Task objective:
Only one stretch of the listing below is wanted. Give it again exactly, from the line with "Genel Markalar Tekno" through the line with "Flipkart Month End Mobile Fest".
──────── Records for processing ────────
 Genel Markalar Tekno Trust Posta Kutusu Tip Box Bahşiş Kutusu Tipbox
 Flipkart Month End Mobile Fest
────────
──────── Records for processing ────────
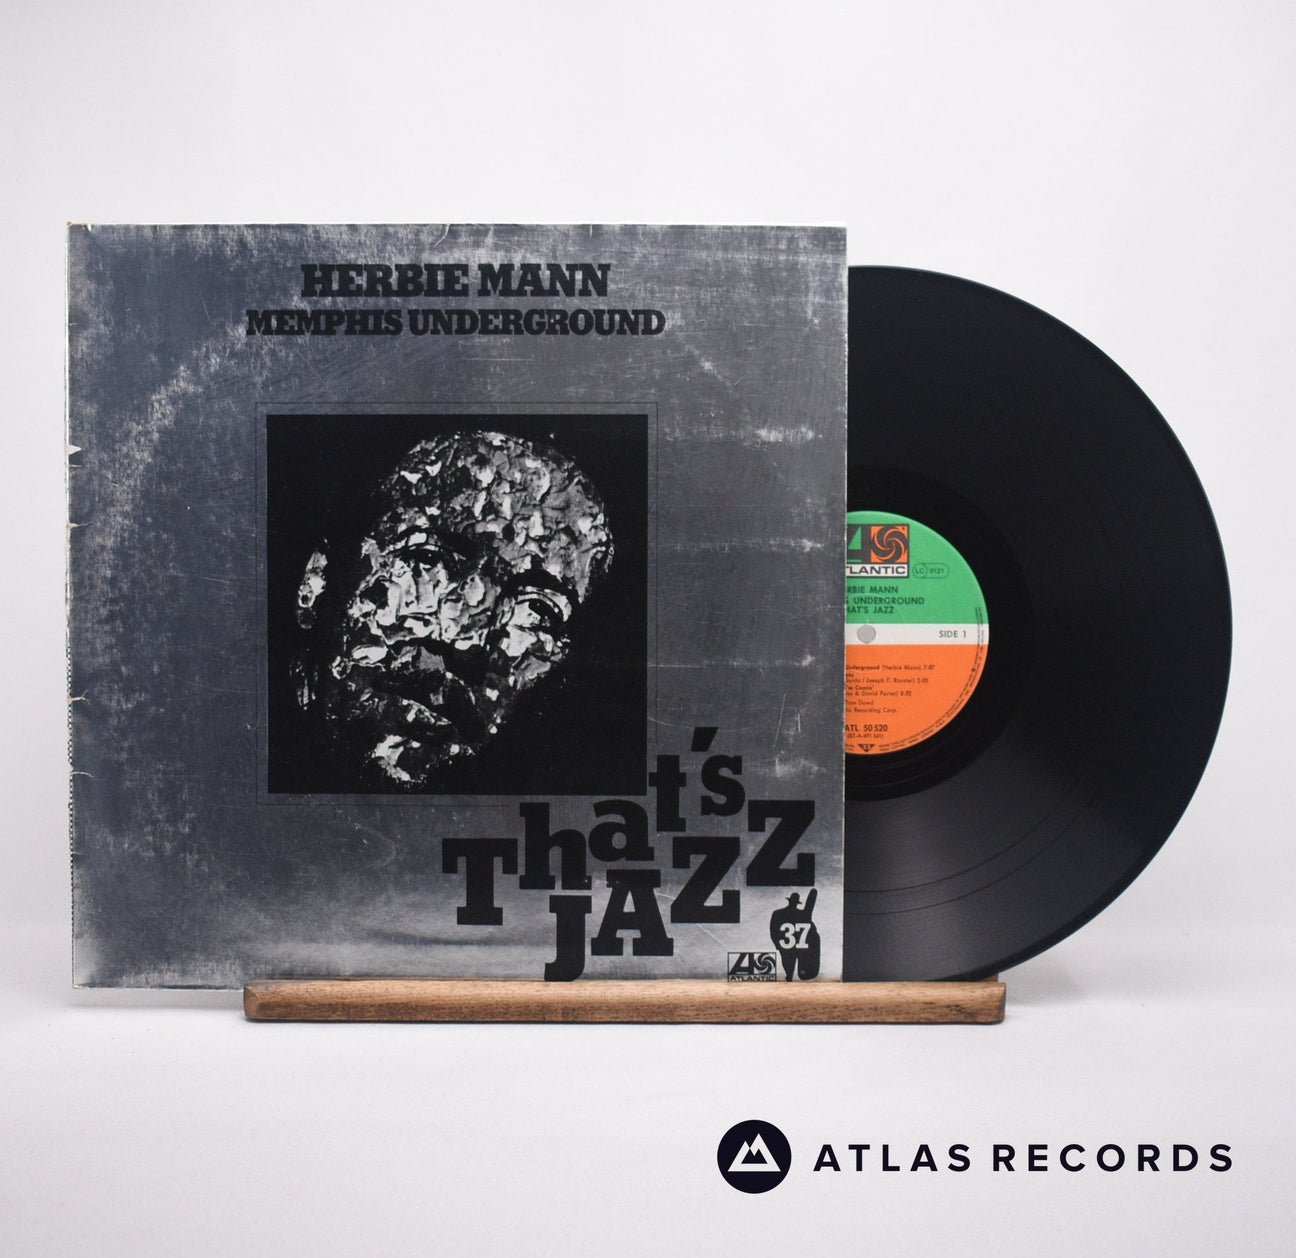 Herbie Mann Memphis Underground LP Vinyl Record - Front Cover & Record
────────
Output for this task:
 Genel Markalar Tekno Trust Posta Kutusu Tip Box Bahşiş Kutusu Tipbox
 Flipkart Month End Mobile Fest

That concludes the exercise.